GenMol: A Drug Discovery Generalist with Discrete Diffusion¶

Conference: ICML2025
arXiv: 2501.06158
Code: NVIDIA-Digital-Bio/genmol
Area: Drug Discovery / Molecule Generation
Keywords: Discrete Diffusion Models, SAFE Molecular Representation, Fragment Remasking, Molecular Optimization, Drug Design

TL;DR¶

This work proposes GenMol, a generalist molecular generation framework based on Masked Discrete Diffusion, which generates SAFE sequences via non-autoregressive bidirectional parallel decoding. By introducing fragment remasking and Molecular Context Guidance (MCG), it covers four major drug discovery scenarios: de novo generation, fragment-constrained generation, target-directed hit generation, and lead optimization, using a single model and comprehensively outperforming previous state-of-the-art methods.

Background & Motivation¶

Drug discovery involves multiple stages: de novo molecular generation, fragment-constrained generation (such as linker design, scaffold morphing, etc.), target-directed hit generation, and lead optimization. Existing molecular generation models typically cover only one or two of these scenarios, failing to act as generalist tools throughout the entire pipeline.
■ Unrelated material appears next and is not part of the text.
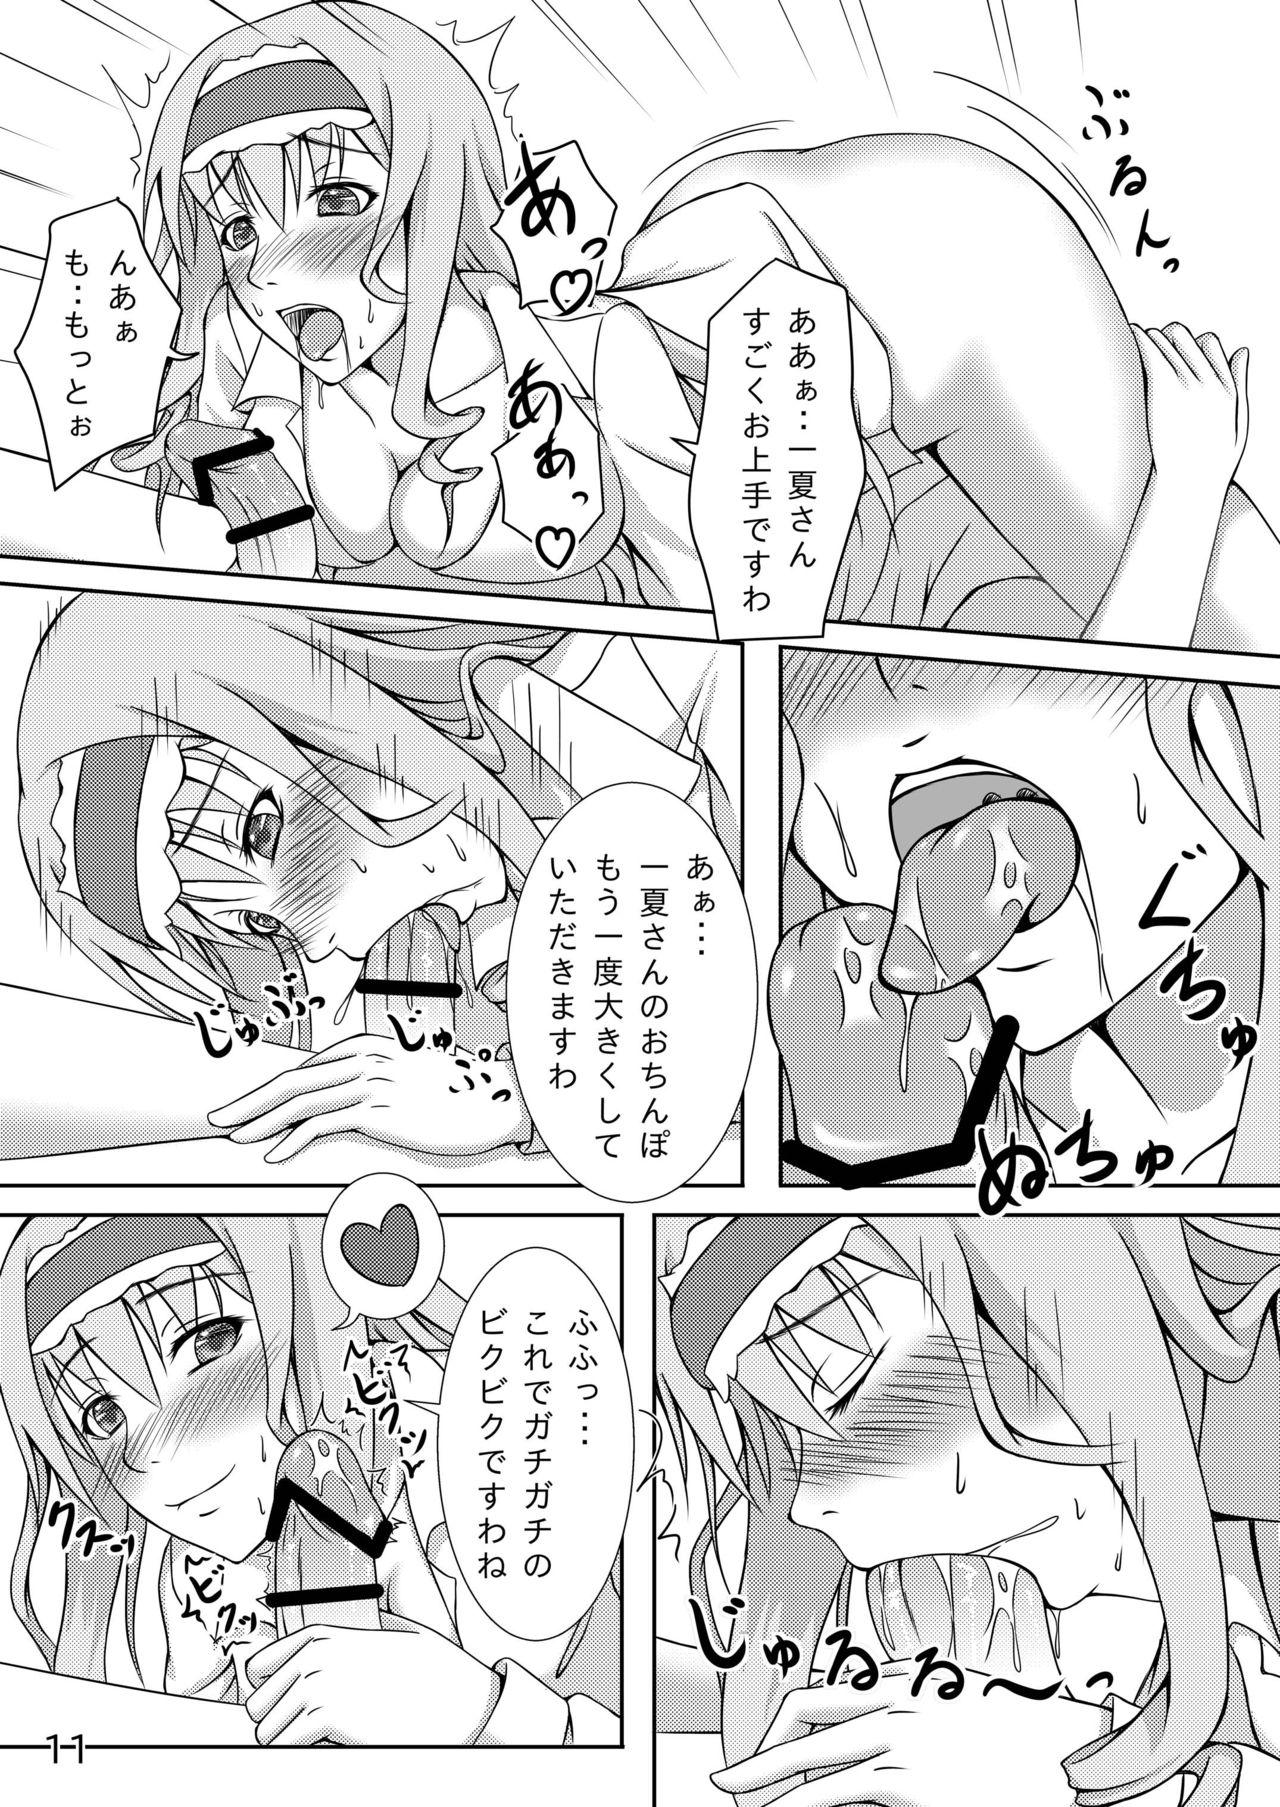 Hardcoresex Anata no Heart o Neraiuchi! - Infinite stratos Ffm - Page 11

The most representative prior generalist method is SAFE-GPT, which represents molecules as SAFE (Sequential Attachment-based Fragment Embedding) sequences and utilizes GPT autoregressive decoding to complete multiple tasks. However, SAFE-GPT has three main limitations:

Token order dependency: SAFE itself is fragment-order independent, but GPT's left-to-right decoding contradicts this property.
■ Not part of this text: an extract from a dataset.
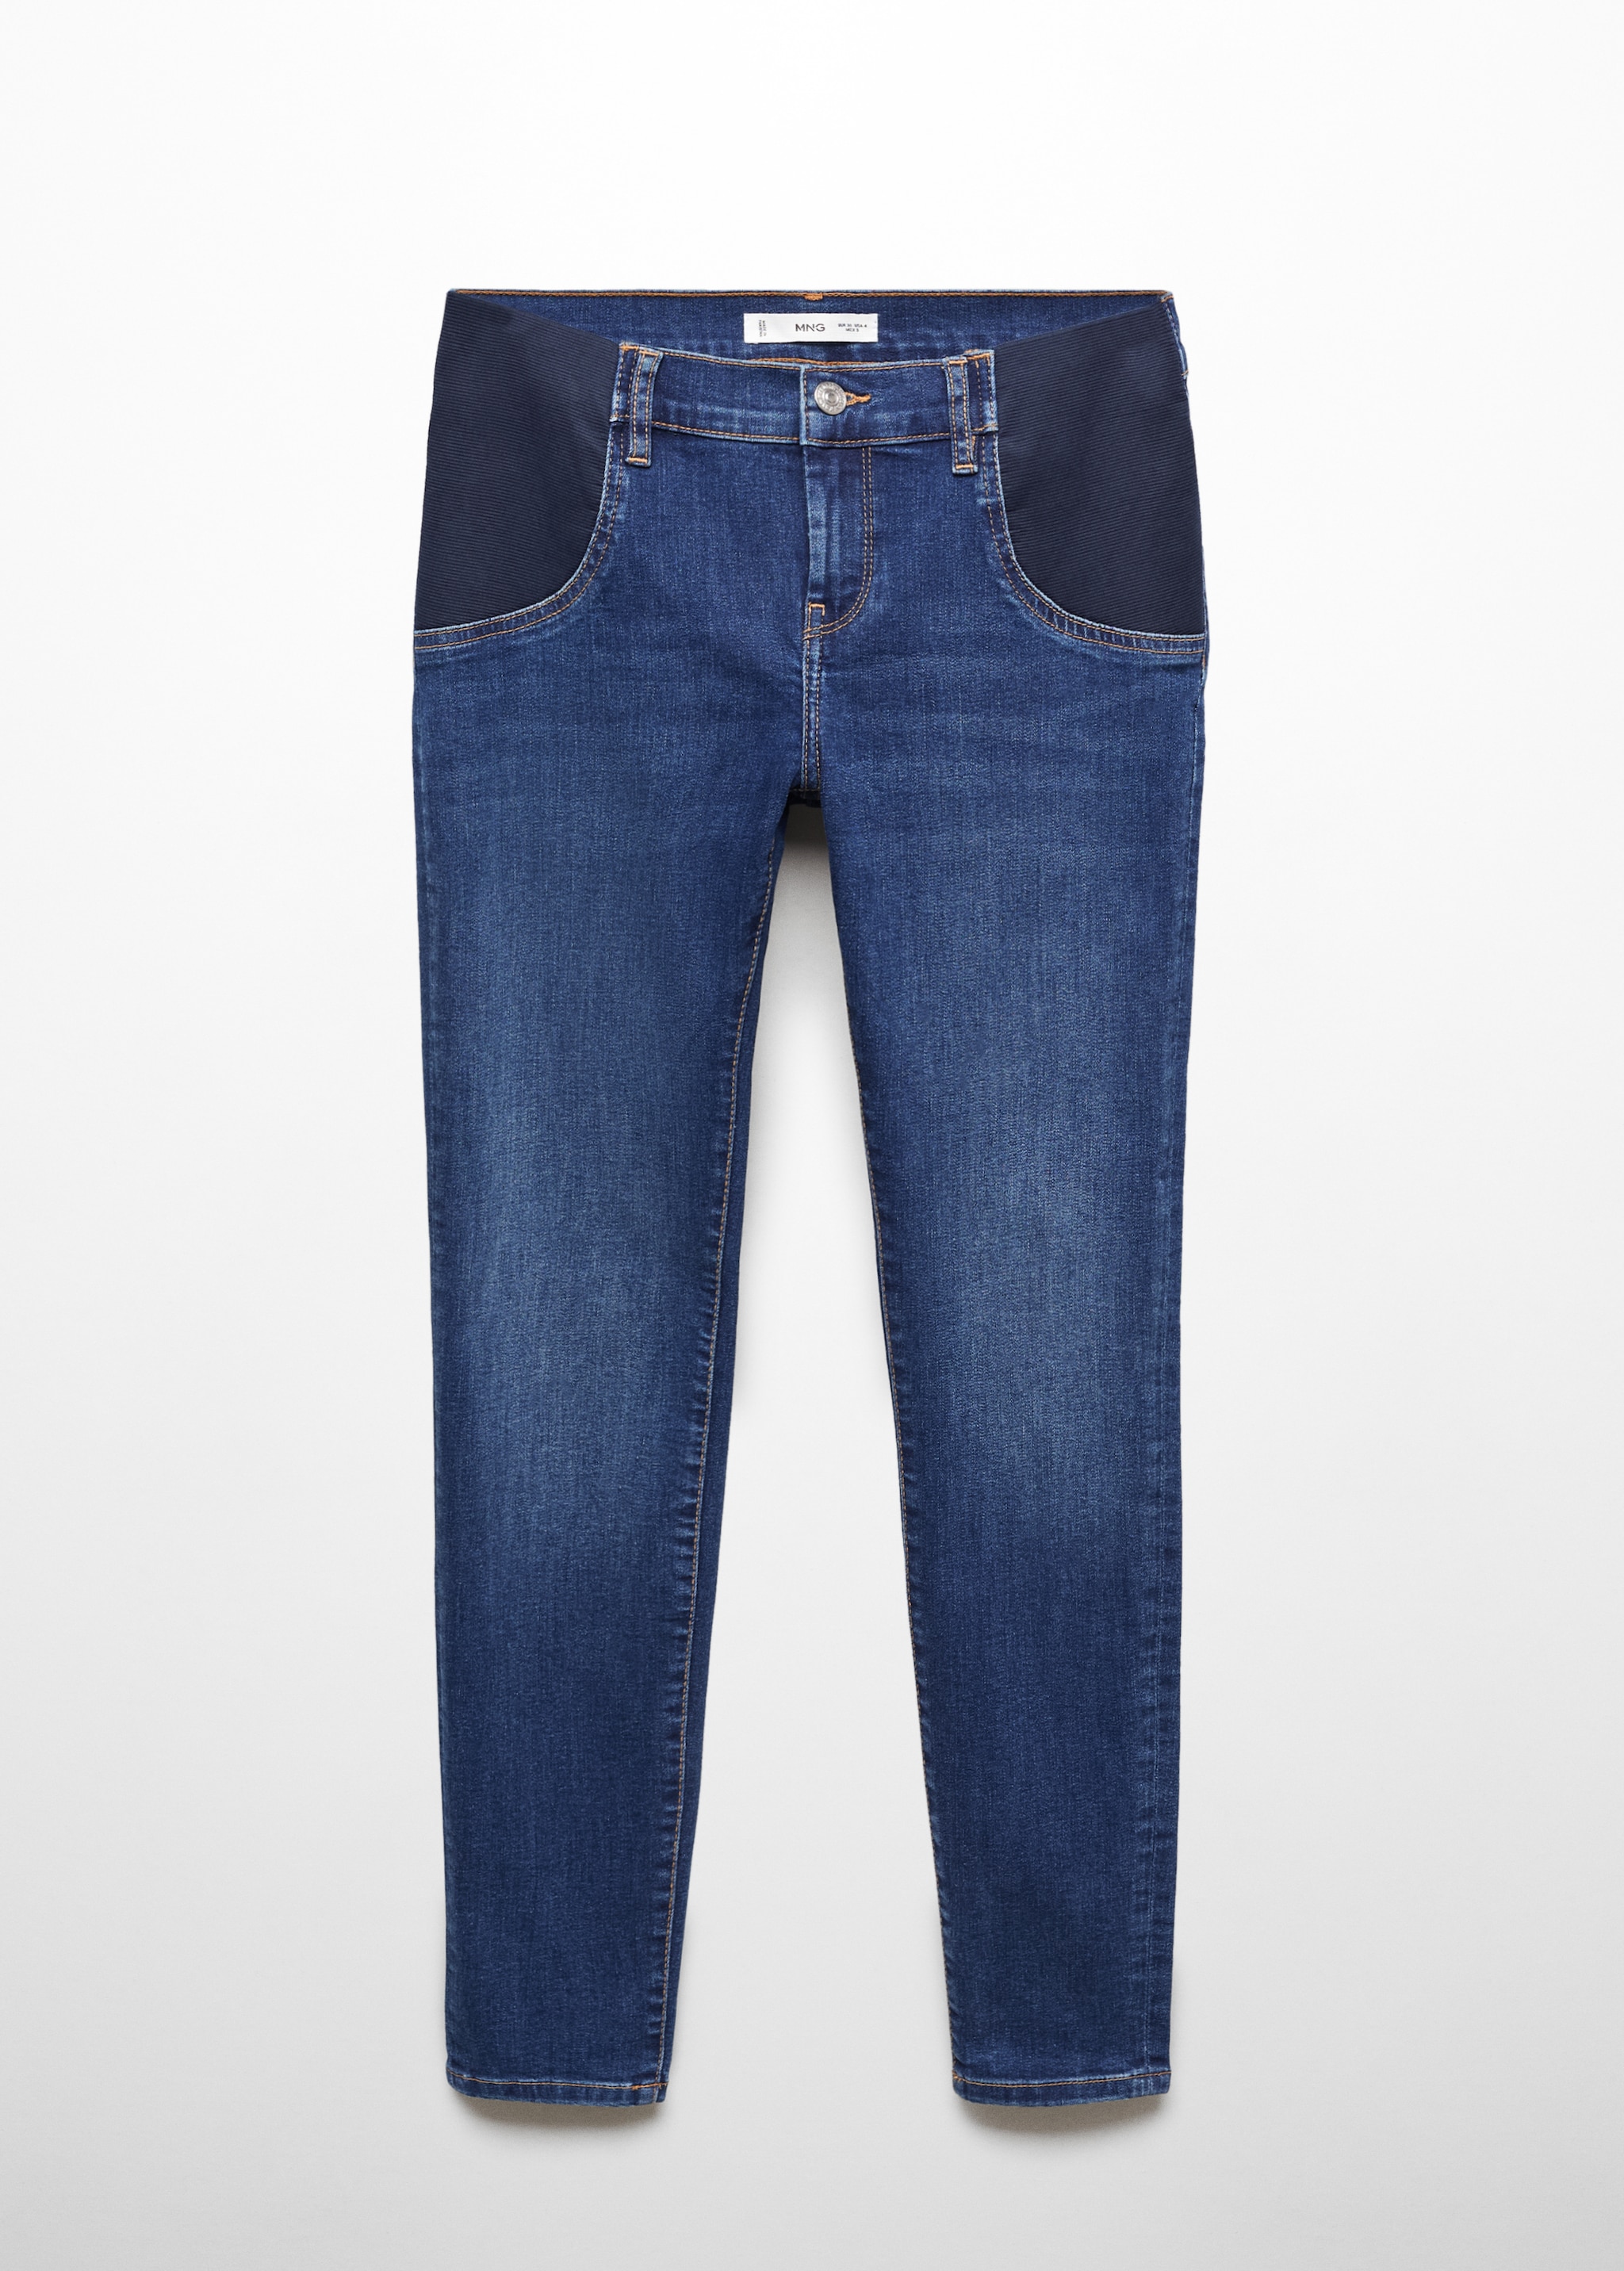 Jeans skinny premaman - Articolo senza modello

Low efficiency: Autoregressive token-by-token generation prevents parallel decoding.

Difficulty in guidance: Autoregressive models struggle to introduce global guidance during the generation process; target-directed generation requires additional reinforcement learning fine-tuning.
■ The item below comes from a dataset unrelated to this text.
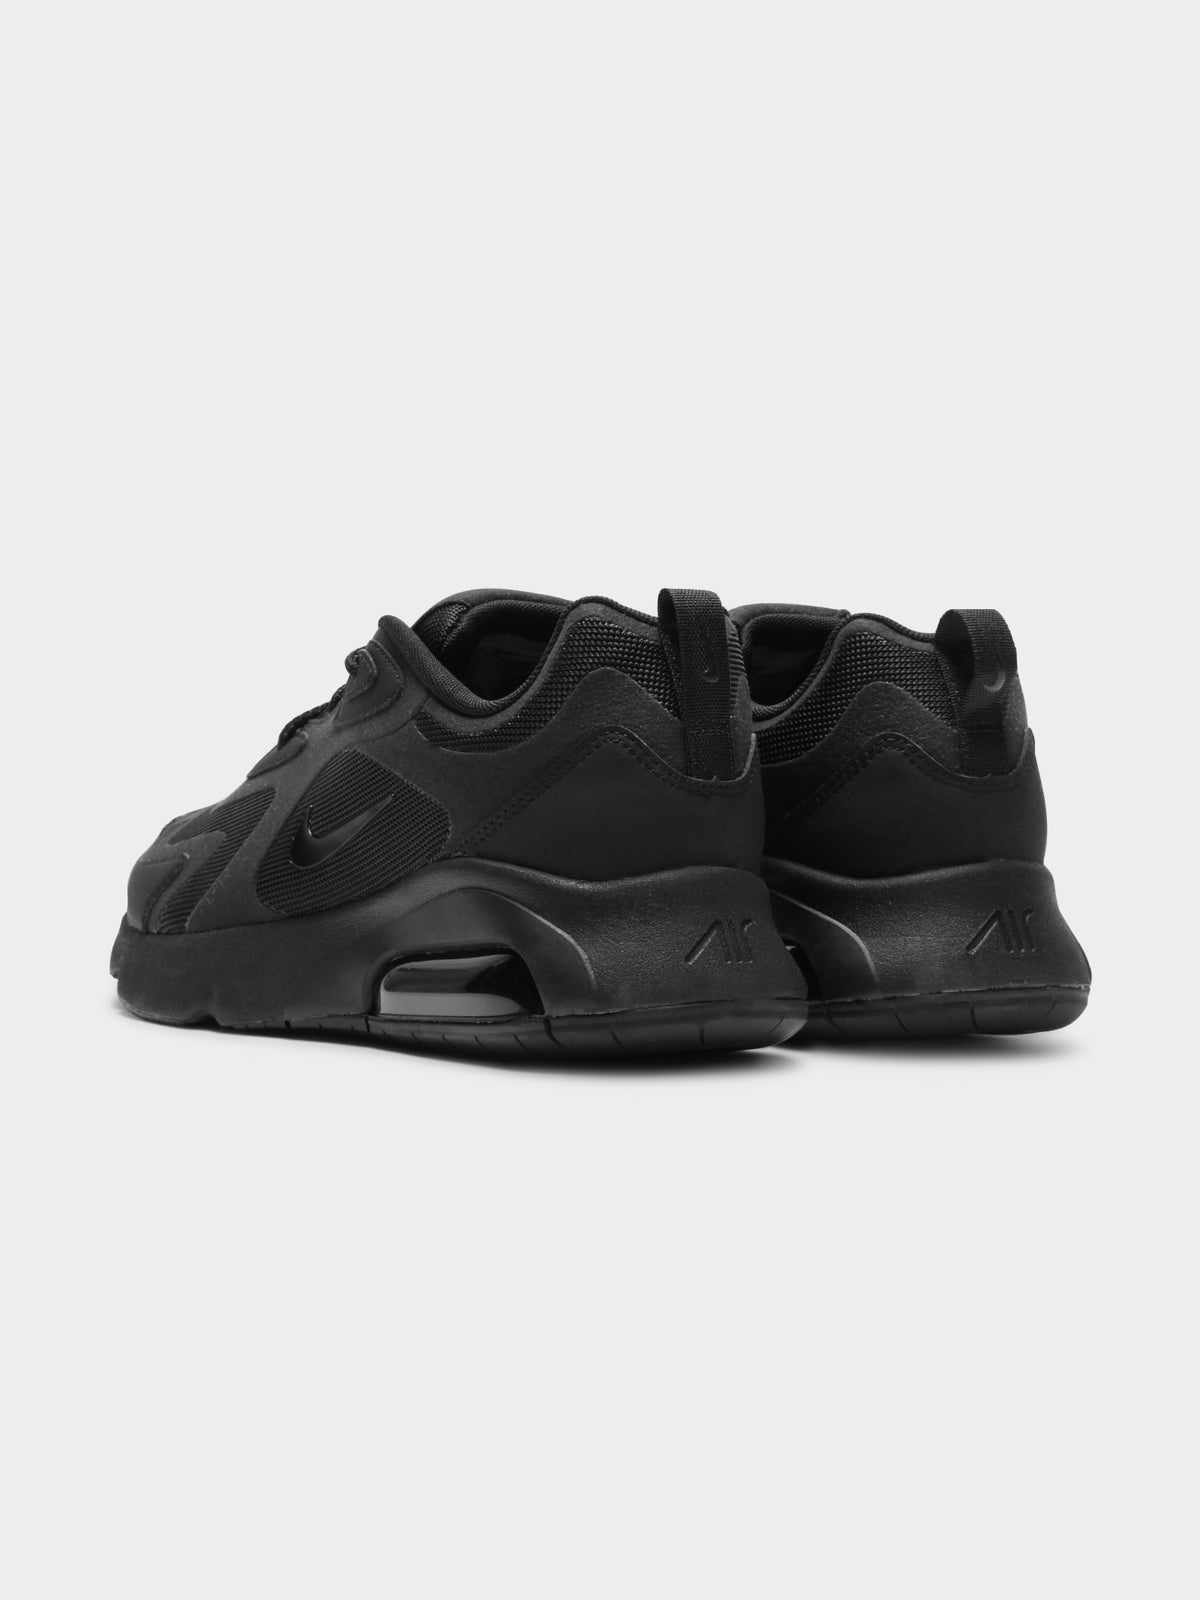 Mens Nike Air Max 200 Sneakers in Black

The core motivation of GenMol is to replace autoregression with discrete diffusion, addressing these three pain points while maintaining the advantages of the SAFE representation.

Method¶

Overall Architecture¶

GenMol adopts the BERT architecture as its denoising network, with a training framework based on MDLM (Masked Discrete Language Model). The input consists of SAFE molecular sequences. The forward process gradually replaces tokens with [MASK], while the reverse process predicts masked tokens in parallel via bidirectional attention.

Forward Masking Process¶

Interpolating each token \(\boldsymbol{x}^l\) in the sequence independently:

\[q(\boldsymbol{z}_t^l | \boldsymbol{x}^l) = \text{Cat}(\boldsymbol{z}_t^l;\; \alpha_t \boldsymbol{x}^l + (1-\alpha_t)\mathbf{m})\]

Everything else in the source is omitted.